Mozilla Common Voice Text Language Identification dataset
License:
CC0-1.0
Steward:
Common VoiceTask: NLP
Release Date: 12/16/2025
Format: TSV
Size: 950.41 MB
Share
Description
A dataset for text-based language identification of 19 Million sentences from over 300 languages taken from Mozilla Common Voice scripted (v23) and spontaneous (v1) speech projects.
Specifics
Processes
Intended Use
Training and evaluation of text-based language identification systems.
Metadata
The text in this dataset comes from over 300 languages' Mozilla Common Voice projects, including both scripted speech (v23) and spontaneous speech (v1). It is intended to be used for textual language identification.
Structure
There are two files included: (1) mcv_text_lid.tsv, the main dataset file, which contains only validated "sentences" (single sentences for scripted speech, full transcriptions for spontaneous speech) and language code, and (2) /language_histogram.csv, a histogram with the number of sentences per language. The columns in mcv_text_lid.tsv are as follows:
| column | description |
|---|---|
| id | unique numerical identifier for each sentence |
| sentence | sentence text for scripted speech, transcription for spontaneous speech |
| lang | language code corresponding to the text |
| sentence_domain | the sentence domain (optional, and only exists for scripted speech) |
| source | source of the sentence (optional, and only exists for scripted speech).
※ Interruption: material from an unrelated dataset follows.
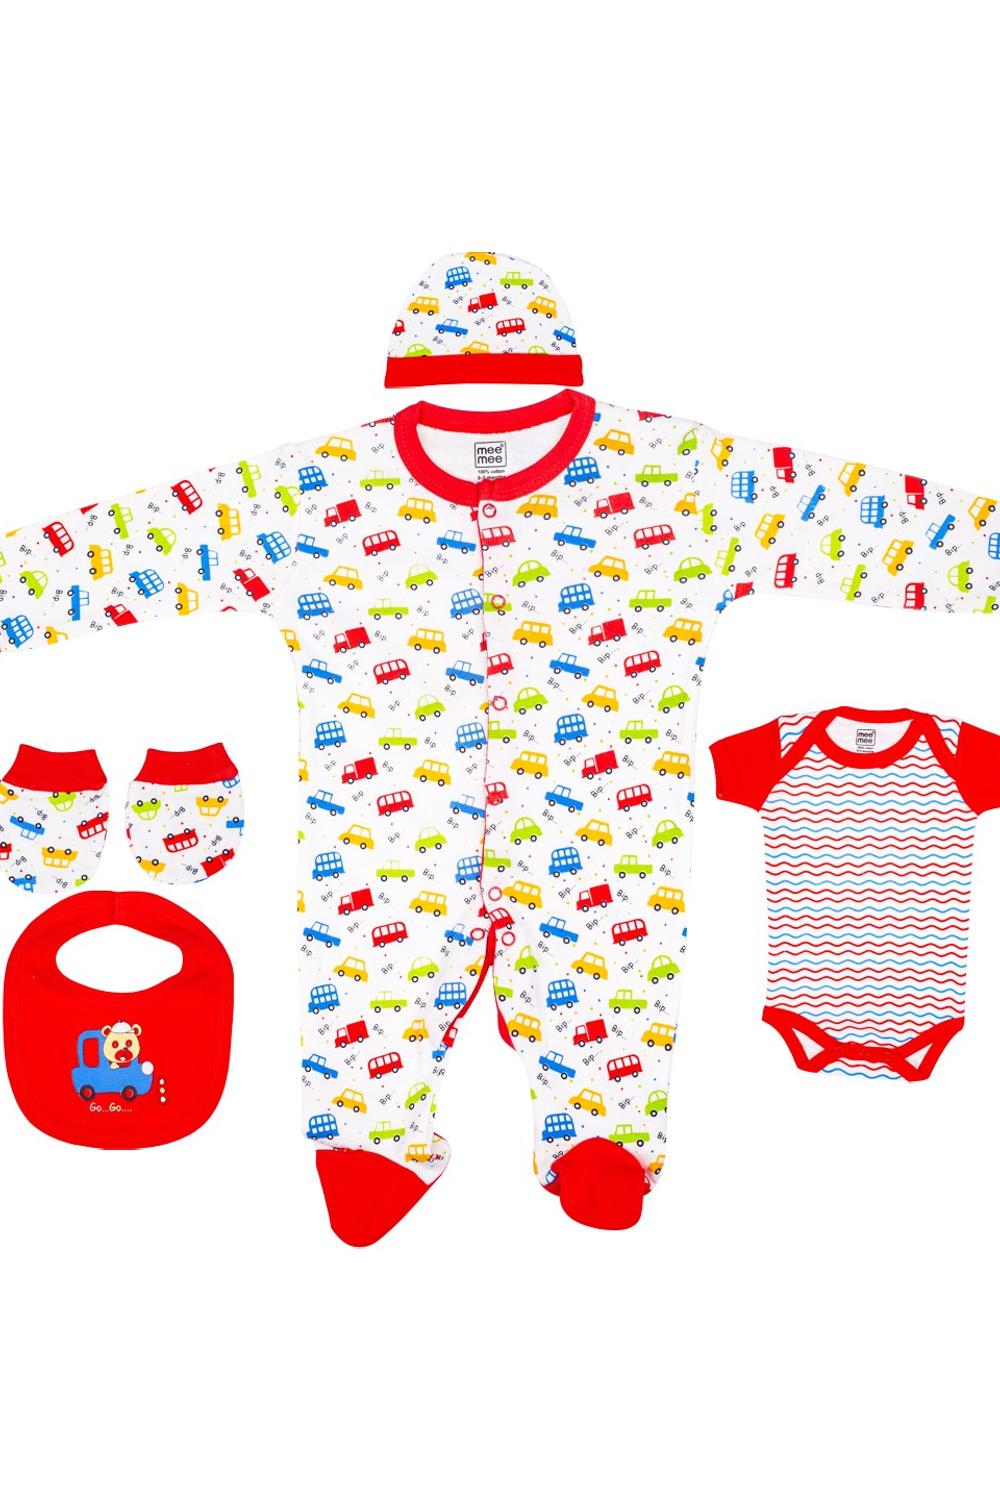 Mee Mee Clothing Gift Set Pack of 5 - Red

These are reported by the person submitting sentences to a Common Voice project |
| style | "scripted" or "spontaneous" |
| split | one of "train", "dev", or "test. These splits do not correspond to the MCV splits |
Preprocessing
The data was deduplicated on sentence+lang.
Sample
| id | sentence | lang | sentence_domain | source | style | split |
|---|---|---|---|---|---|---|
| 13914460 | Il più grande di loro fu Giovanni evangelista. | it | wiki | scripted | train | |
| 7896754 | The underground system develops in the limestone and marl-limestone of the superior Cretaceous. | en | covost2-xx_en | scripted | train | |
| 10580213 | À boire! répéta pour la troisième fois Quasimodo pantelant. | fr | sentence-collector | scripted | test | |
| 14529549 | 岩手県宮古市 | ja | ????? | scripted | train | |
| 1076937 | Y en ixas va alentar de segundas. | an | general | self | scripted | train |
| 18424113 | ข้อบังคับการประชุม | th | sentence-collector | scripted | train |